Паша так долго хранил обиду и тоску по маме, что они уже давно лежали на глубине души мёртвым грузом, покрылись пылью, потускнели. Инга была права: от горьких воспоминаний Паша мог прослезиться, поэтому и старался их лишний раз не ворошить. Но сейчас вытащил всё и даже растерялся от нахлынувших чувств. Если это правда мама, что он ей скажет? А если кто-то решил над ним так подшутить, раздобыл телефон и пишет?
Кофейню для встречи выбрал Паша: любимую Тимохину. Она была довольно уютная и недалеко от их дома. Иногда они с Тимом забегали туда и набирали выпечку.
И пока шёл, слишком уж нервничал. Такое волнение было в новинку: Паша вообще редко за что-то так сильно переживал, а сейчас даже руки подрагивали, а сердце то замирало, то холодело, то билось, как сумасшедшее. Он прогуливал сегодня тренировку.
Температура первого декабря болталась в районе нуля, и в вечернее время явно немало людей хотело погреться. Паша зашёл, огляделся, но маму не увидел среди присутствующих, даже чуть выдохнул, расслабился: это просто шутка кого-то из подписчиков и никто не придёт. Он стоял у прилавка и думал, что бы заказать поесть, выбрал сэндвич с курицей и чай улун, а пирожков домой решил набрать перед уходом.
В поисках свободного места вдруг встретился взглядом с женщиной, сидящей у окна. Она как раз обернулась и искала кого-то глазами. И, наверное, только по глазам они друг друга и узнали. Паша чуть чай не выронил, настолько его мама изменилась, но это точно была она.
Вдруг захотелось убежать куда-то подальше, Паша не хотел с ней разговаривать. Боялся, что не сдержится и разрыдается или вообще распсихуется и просто-напросто наорёт: в последнее время всё только раздражало. Но его заметили, отступать было нельзя, и, выдохнув, он пошёл к столику, где сидела мама. Перед ней стояла одинокая кружка с зелёным чаем.
– Как же ты вырос! – Мама смотрела на Пашу во все глаза и умилительно улыбалась, а по её щекам тут же поползли слёзы.
Паша сел напротив и молчал, тоже разглядывал маму, и какое-то нехорошее ощущение заполняло его, будто предчувствие, как тогда с Яной, когда у неё всё валилось из рук. С мамой тоже что-то было не так: она ужасно изменилась. Почти не постарела, но изменила стрижку с длинных волос на короткие. Похудела настолько сильно, что Паша её вообще не узнавал. Хоть и с макияжем, но была какая-то осунувшаяся, глаза впали, она выглядела болезненно, но всё равно хорошо. Чётко нарисованные брови, матовая вишнёвая помада, слой тонального крема пытался скрыть изъяны на лице. Мама промокнула слёзы салфеткой. Паша после случая с Яной теперь верил своему чутью и прямо спросил. Но прозвучали его слова как-то строго.
– Что с тобой?
– Господи, у тебя и голос такой мужской! – мама покачала головой, сделала брови домиком и поджала губы, видимо, пытаясь сдержать слёзы. – Я пропустила, как ты повзрослел. В тебе так много Сашиных черт.

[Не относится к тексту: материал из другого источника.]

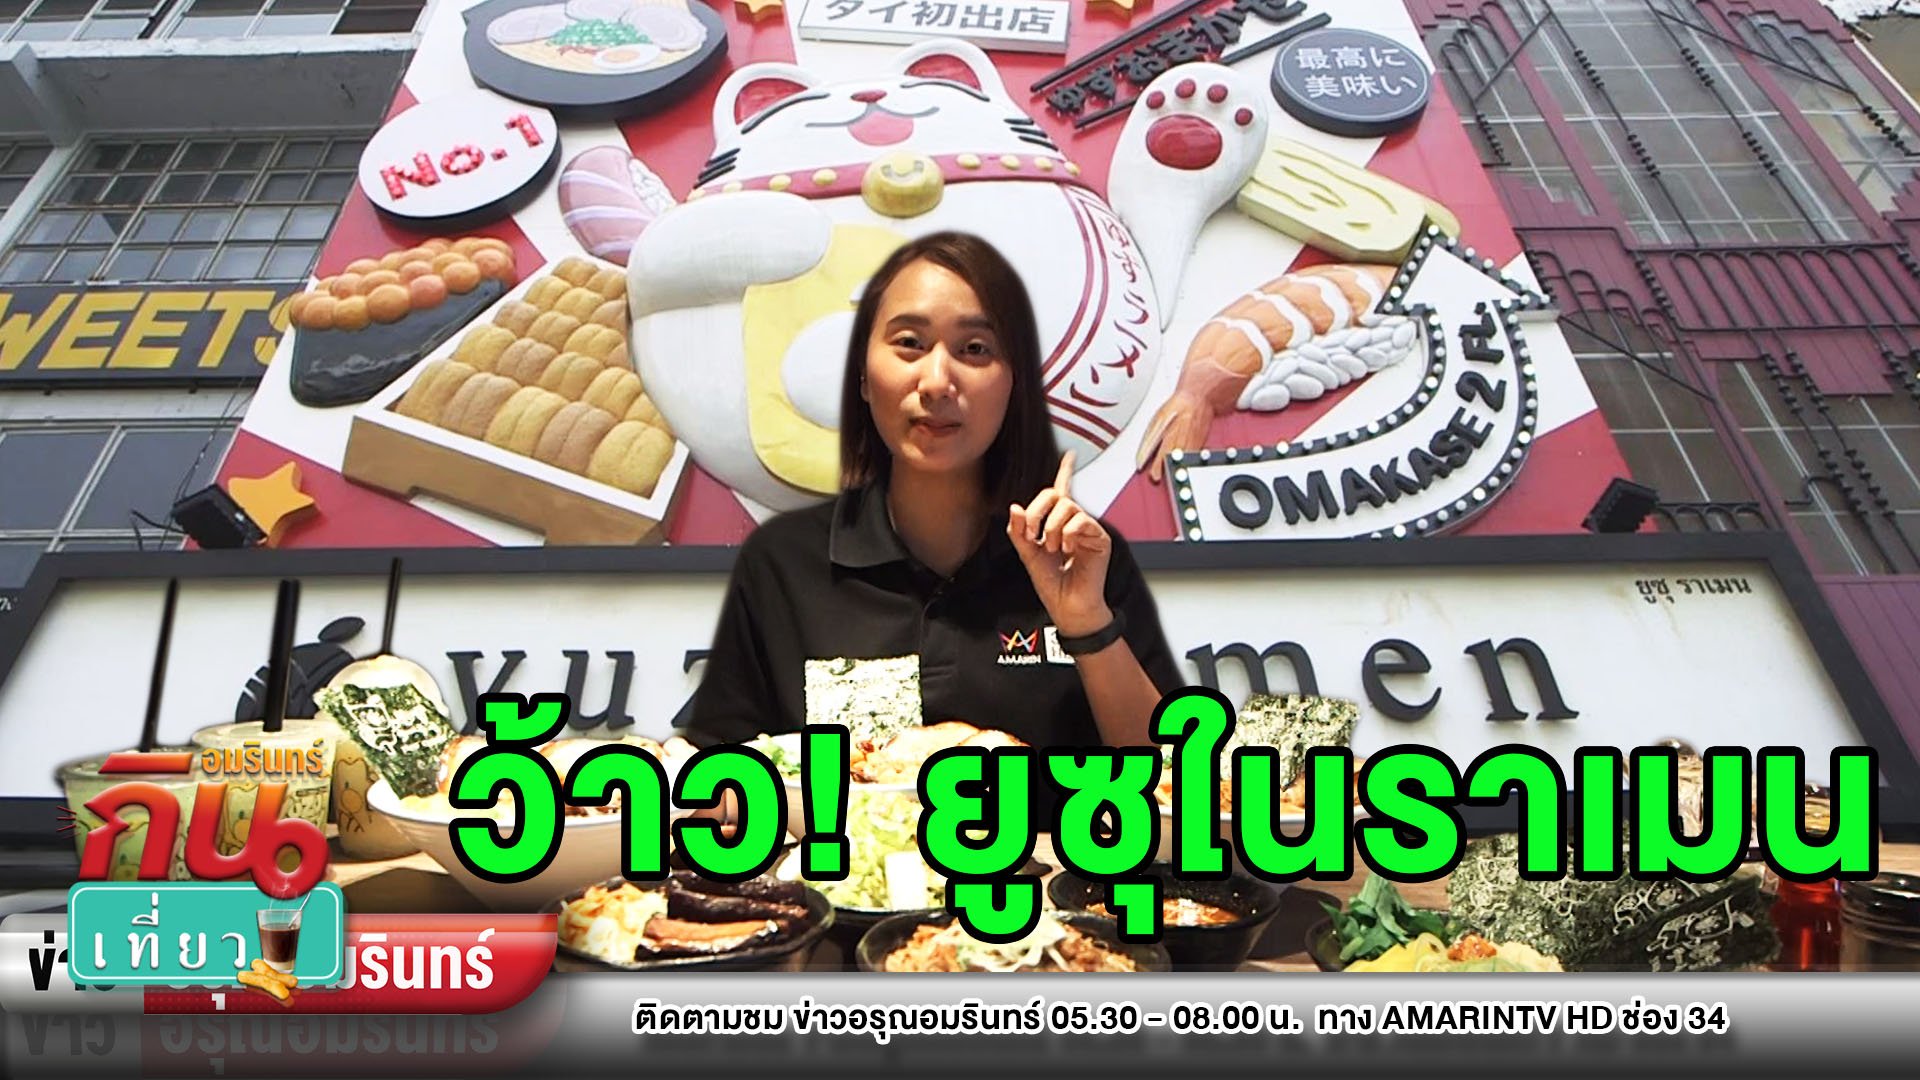 เจ้าแรกในไทย พาชิม “ยูซุราเมน” จัดจ้านเลือกเผ็ดได้เป็นระดับ | ข่าวอรุณอมรินทร์ | 14 มิ.ย. 63 | AMARIN TVHD34

– Мам, что с тобой случилось? – теперь уже в голове проскользнуло беспокойство. – У тебя всё хорошо?
Она вдруг опустила глаза, обняла ладонями кружечку с чаем и протяжно вздохнула:
– Пашенька, мне тяжело о себе говорить. Давай лучше ты расскажешь, чем ты живёшь, – она улыбнулась и вновь посмотрела на него. – Ты так хорошо выглядишь, тебе очень хорошо с таким цветом волос и такой стрижкой. Наконец-то ты подстригся! Я думала, не доживу до этого момента. Помнишь, как ругала тебя, что ты вечно ходил обросший и не стригся годами?! Я тебя даже не узнала, когда ты вошёл, ты такой красивый, такой взрослый! Чем ты сейчас занимаешься?
Мама разговаривала так обыденно, словно не четыре года прошло, а всего пара недель. Как будто Паша вернулся с очередных сборов или из лагеря. Но между ними всё равно повисла какая-то неловкость, недосказанность. Паша не стал требовать от мамы ответа, хотя претензии и обиды прорывались наружу.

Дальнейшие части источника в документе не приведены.